▶ [The data]
· · · · · · ·

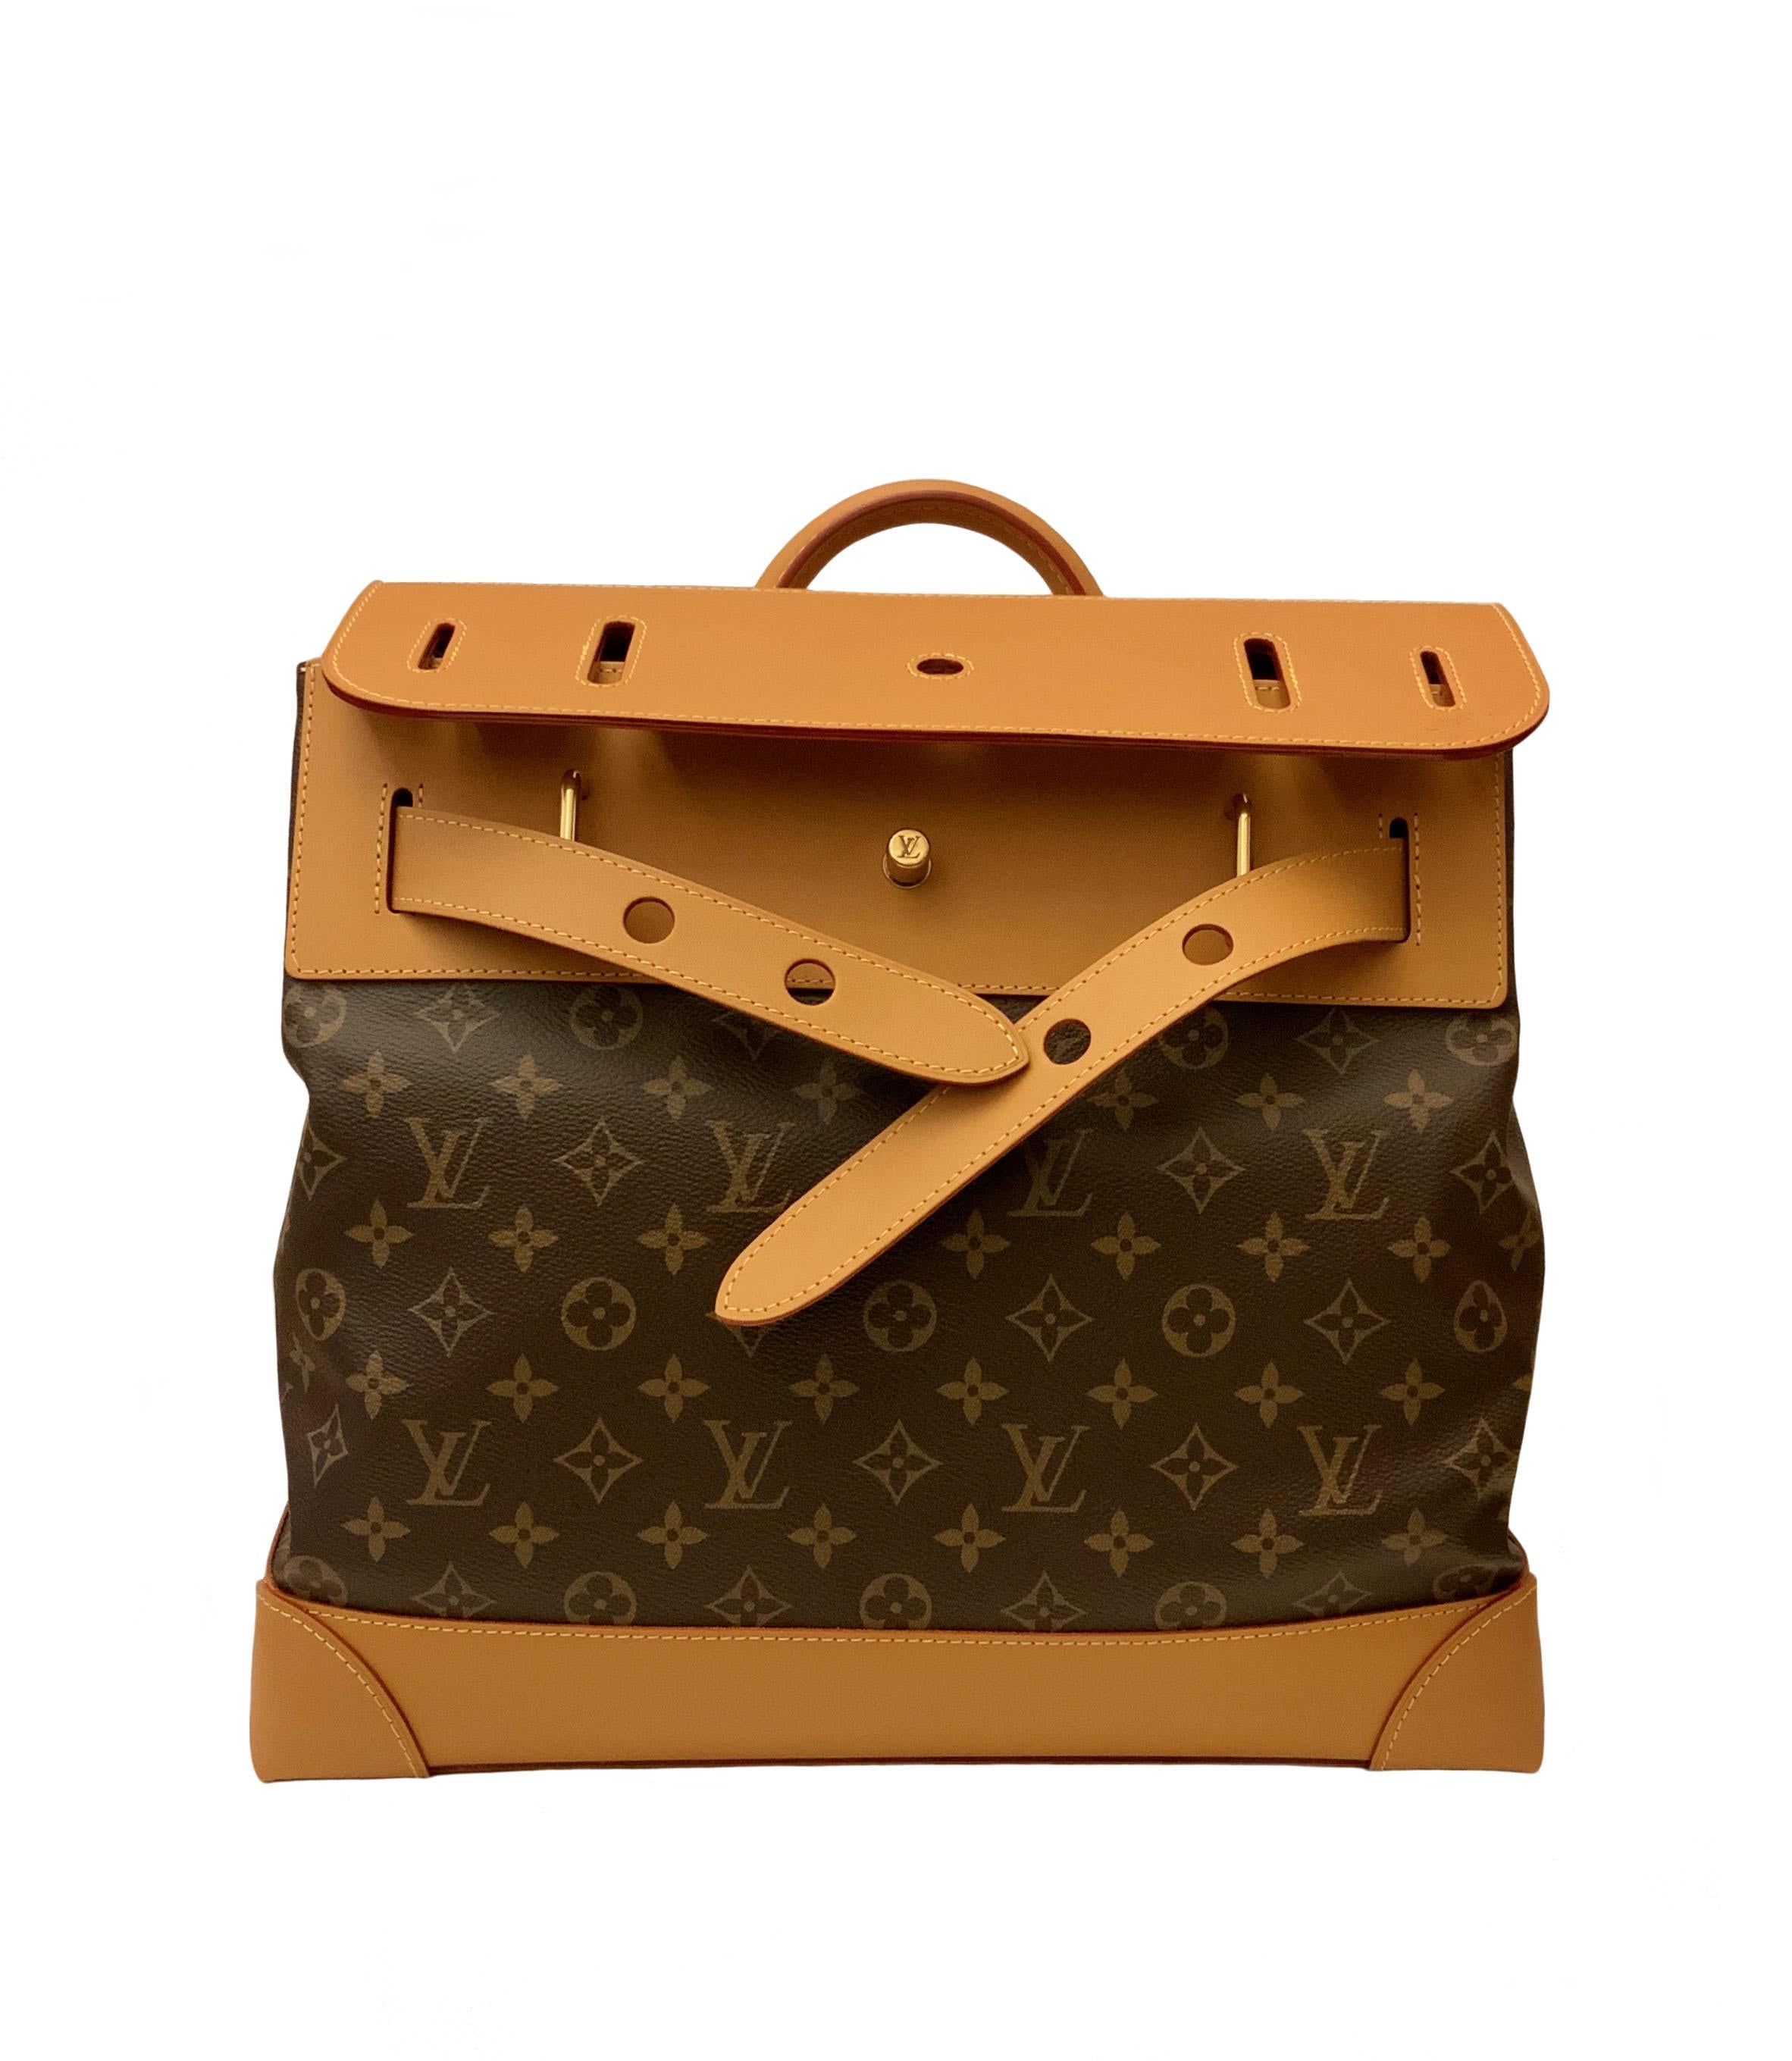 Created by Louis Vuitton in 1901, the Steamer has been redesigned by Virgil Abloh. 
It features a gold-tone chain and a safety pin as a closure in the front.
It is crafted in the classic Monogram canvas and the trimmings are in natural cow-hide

· · · · · · ·

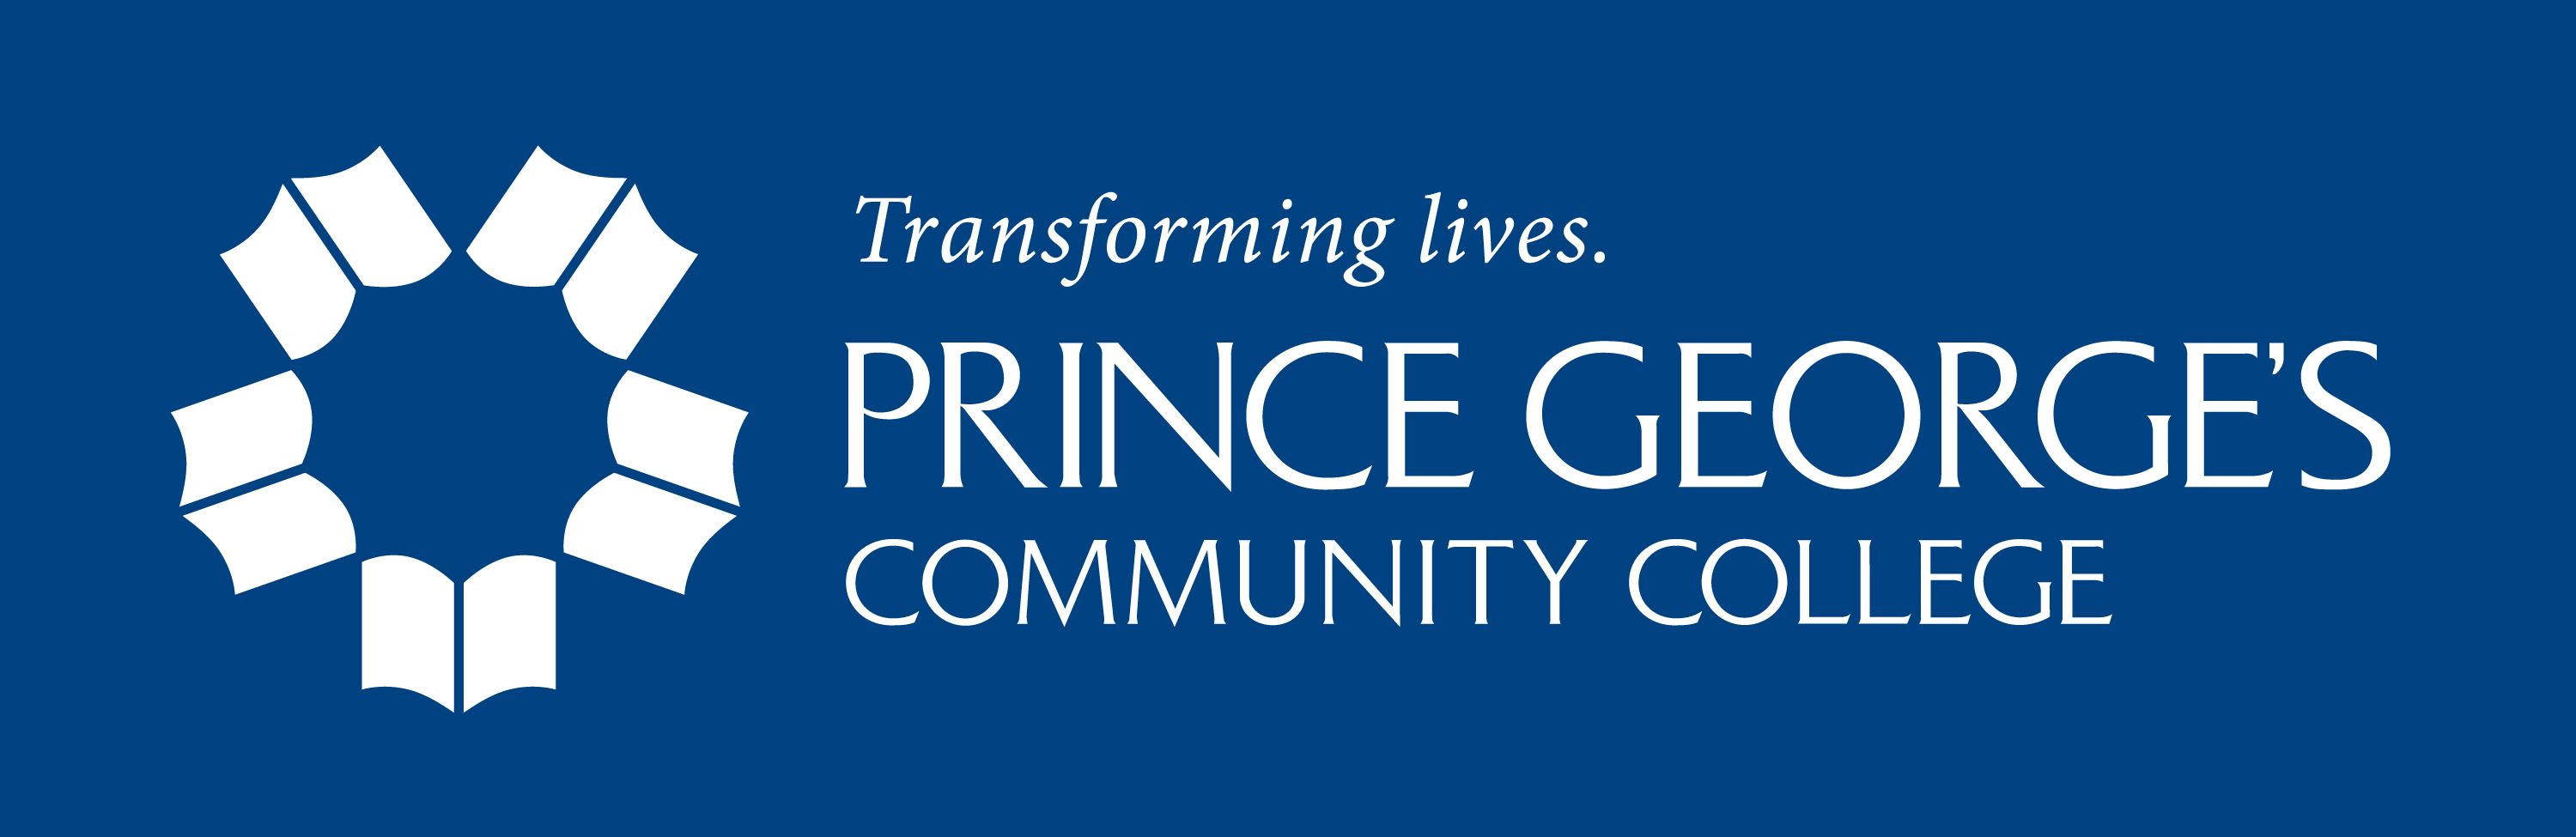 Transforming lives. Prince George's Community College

· · · · · · ·

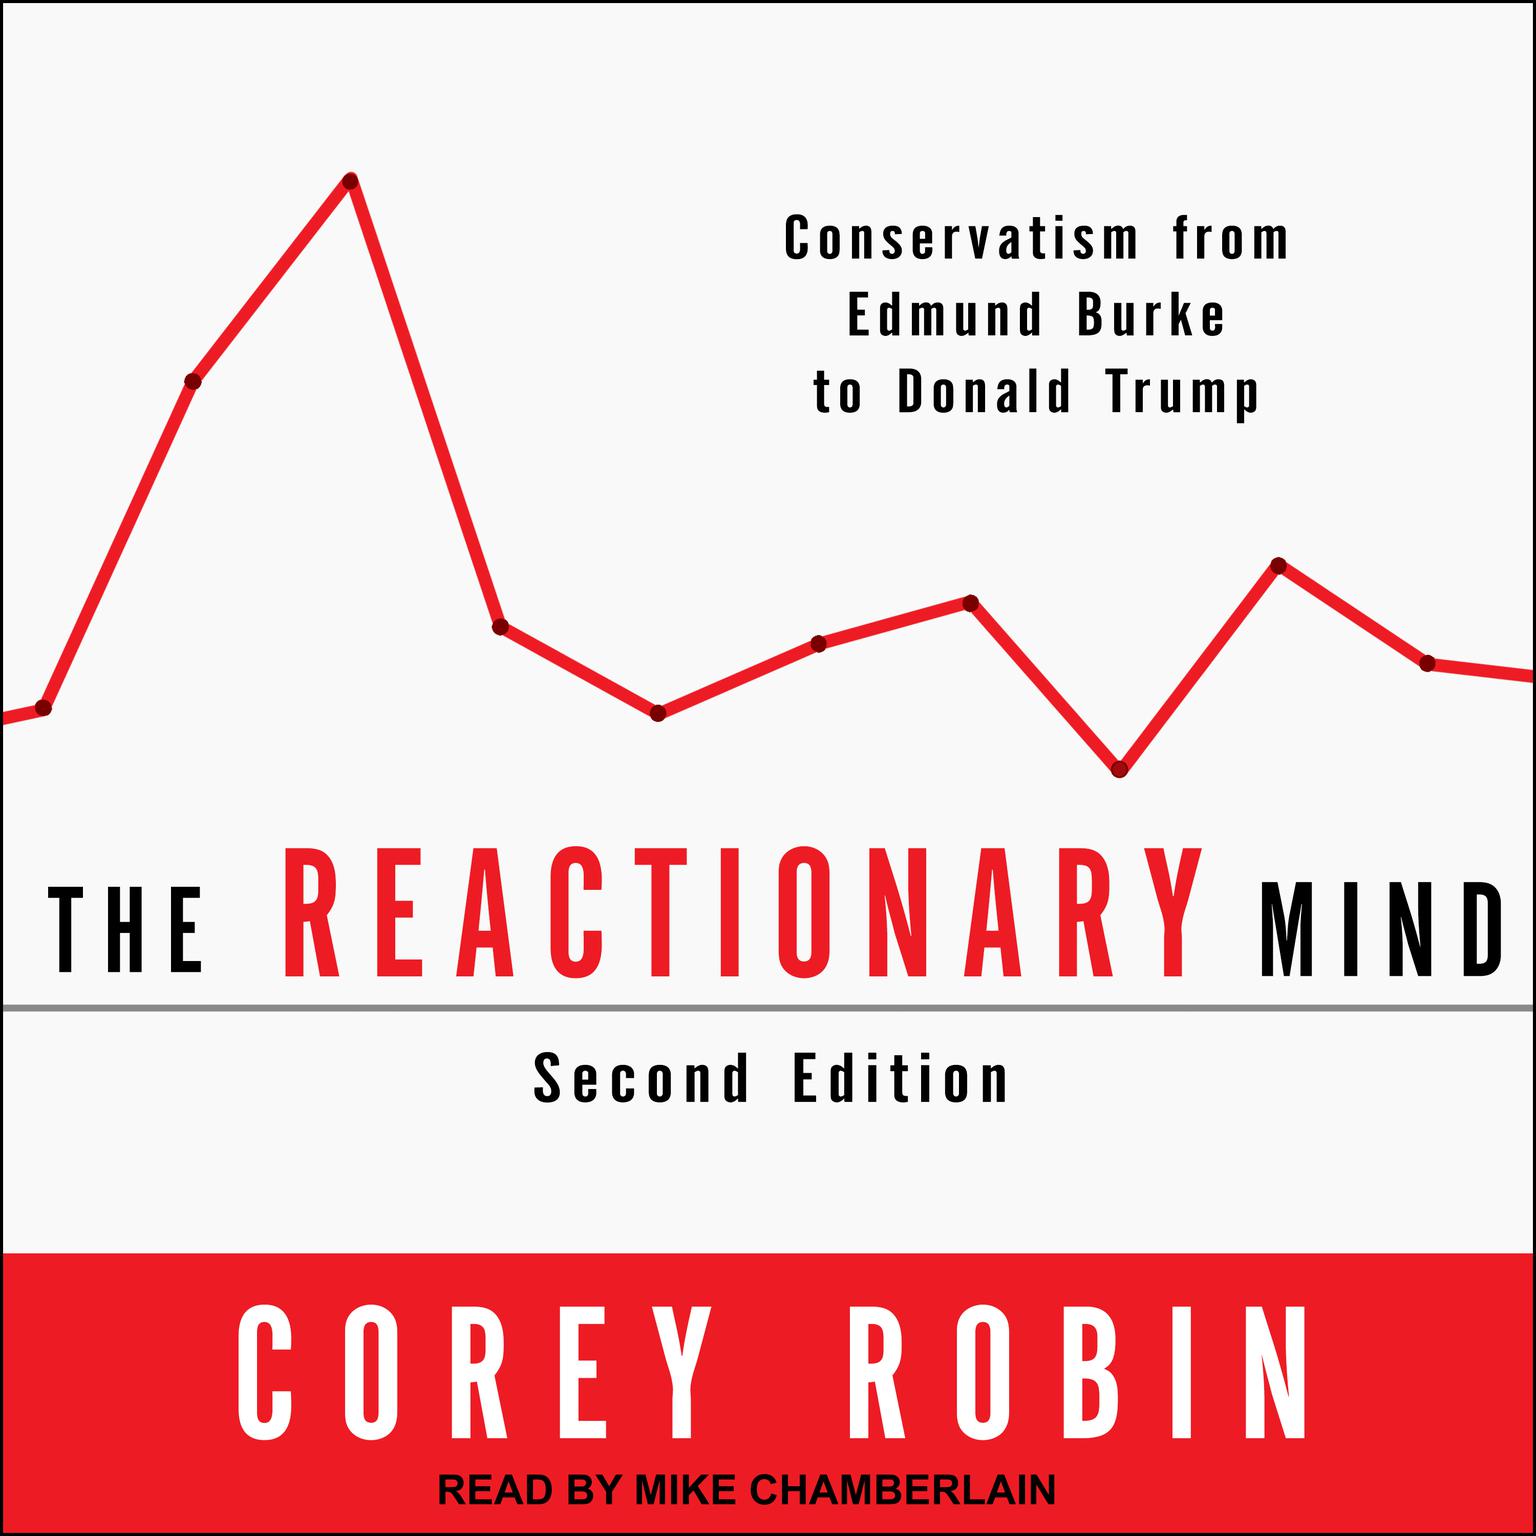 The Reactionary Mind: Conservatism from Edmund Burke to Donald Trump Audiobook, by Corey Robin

· · · · · · ·

▶ [Try it] Print nothing but the lines above starting with the line that contains "Created by Louis" and going on through the line that contains "It is crafted". Leave out the pictures.

▶ [Answer for the task]
 Created by Louis Vuitton in 1901, the Steamer has been redesigned by Virgil Abloh. 
It features a gold-tone chain and a safety pin as a closure in the front.
It is crafted in the classic Monogram canvas and the trimmings are in natural cow-hide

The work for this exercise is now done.